2 years ago….
2 years ago I found an oozing spot on Mike’s torso. Never in our wildest dreams did we imagine that this freckle could equal a stage 3 cancer diagnosis and that our lives would be affected by melanoma: An aggressive cancer that doesn’t have a cure; A cancer that is the number one, fastest growing cancer among young people (25-29); A cancer that can lay dormant for years and suddenly come back with a vengeance.
In those two years we have both changed. We have gotten “somewhat” used to the emotional roller coaster of scans every 6 months. Mike has changed his lifestyle and he is healthier than ever. I have become obsessed with melanoma research. Some think I shouldn’t focus on it so much, and I agree and disagree. It is my way of feeling in control of the uncontrollable. I have to feel prepared so we know what to do if Mike has a recurrence. I choose to read the good stories – and the bad – because that is reality.
In those past 2 years we have seen people lose their battles and we have met some amazing melanoma warriors. A few weeks ago we had dinner with these lovely ladies (the lady on the right end is Mike – haha).

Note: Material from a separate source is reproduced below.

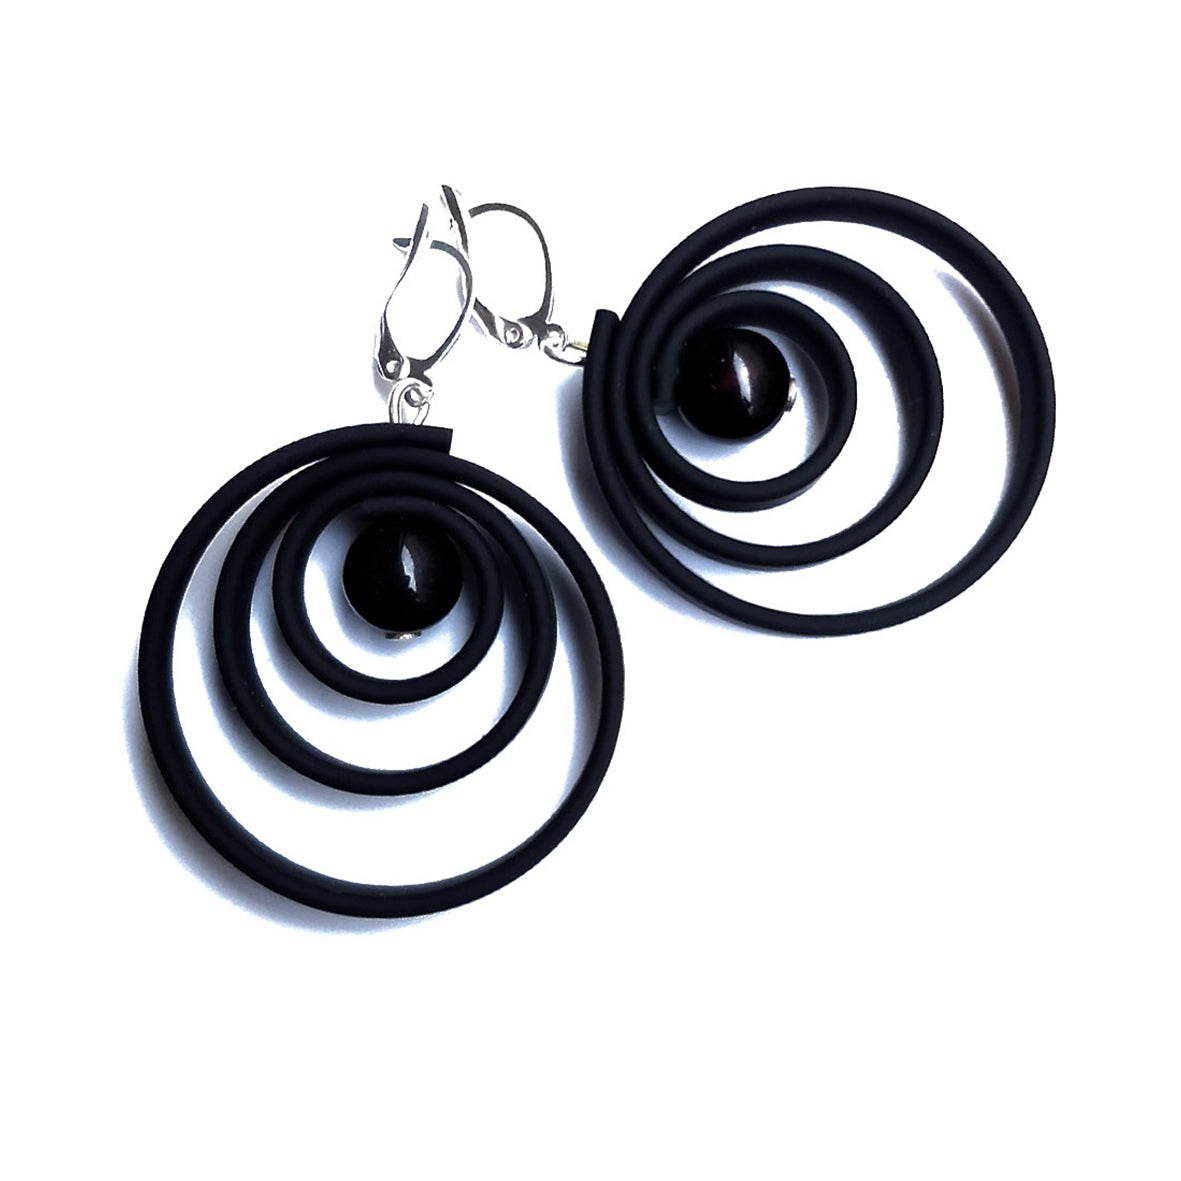 ORCHIDEE earrings Black
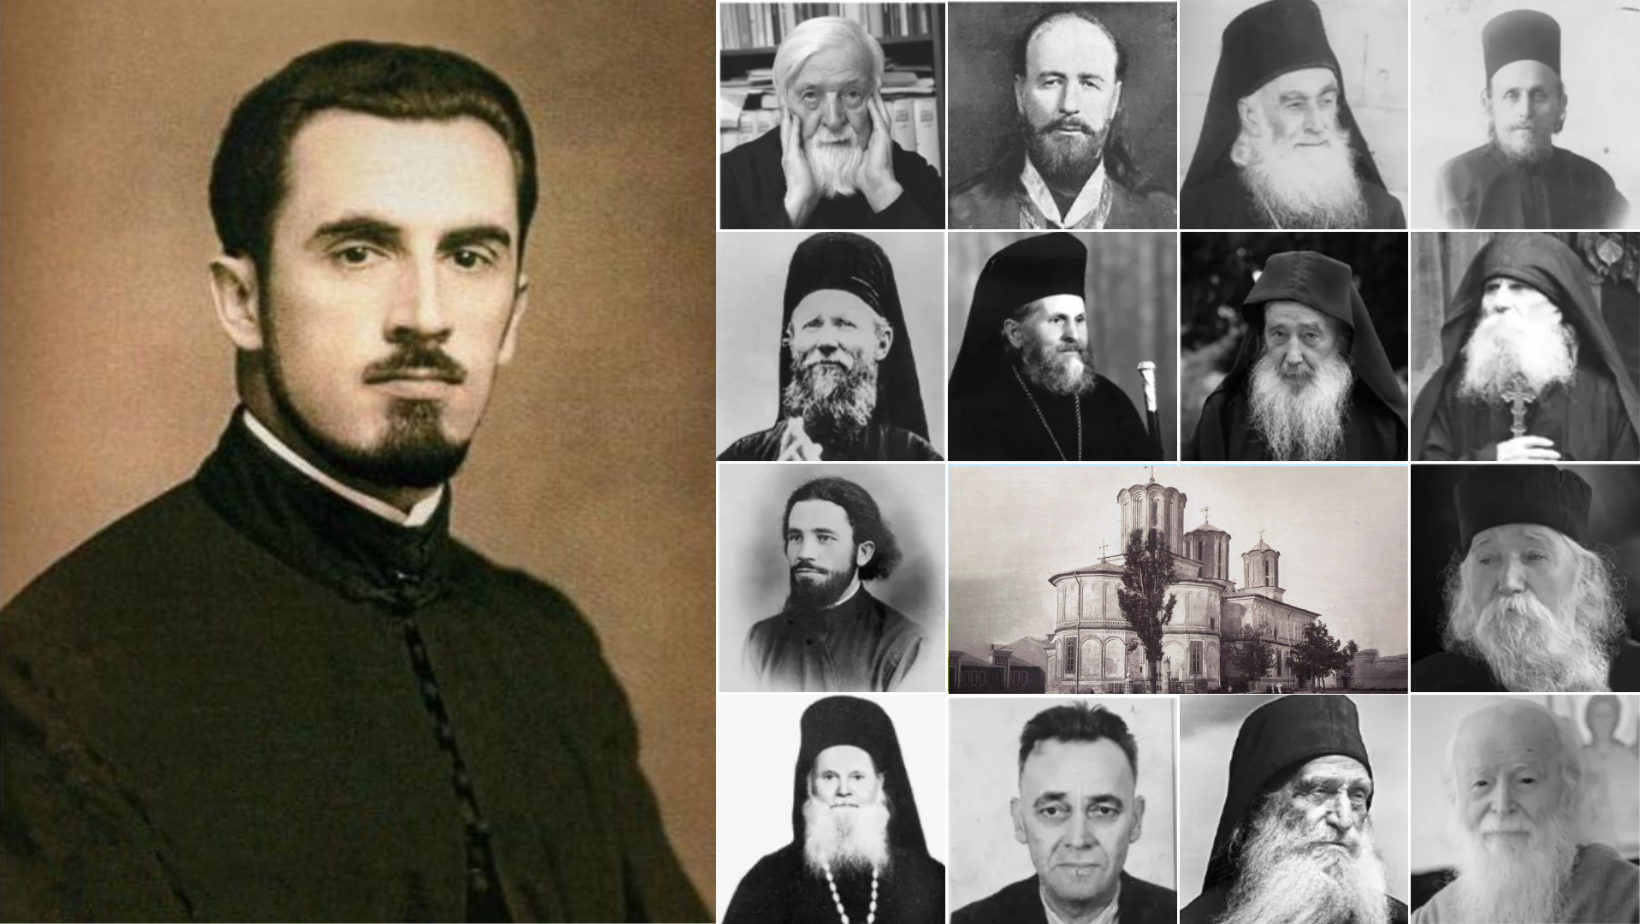 Părintele Ilarion Felea, printre cei 15 cuvioși și mărturisitori propuși spre canonizare în Anul Centenar al Patriarhiei Române (2025)

With the exception of Mike, they are all Stage 4 melanoma survivors and patients of Dr David Minor at California Pacific Medical Center in San Francisco. All of them had remarkable results with bio-chemotherapy treatments – a mixture of chemo and immunotherapies and one of the hardest treatments out there as it requires hospitalization. Hanging out with Tina, Suzanne, and Christina was so important to us and we are truly blessed to know them. The next day after our dinner, Christina had her scans to see if Yervoy was working (she had one tumor left after bio-chemo) and she got the wonderful news that she is officially in remission.
Anyone with cancer knows that scans are a form of necessary torture. Mike is due for his scans in August. 2 years later, we still have scanxiety but we also have hope. There are so many survivors.. and Mike is one of them.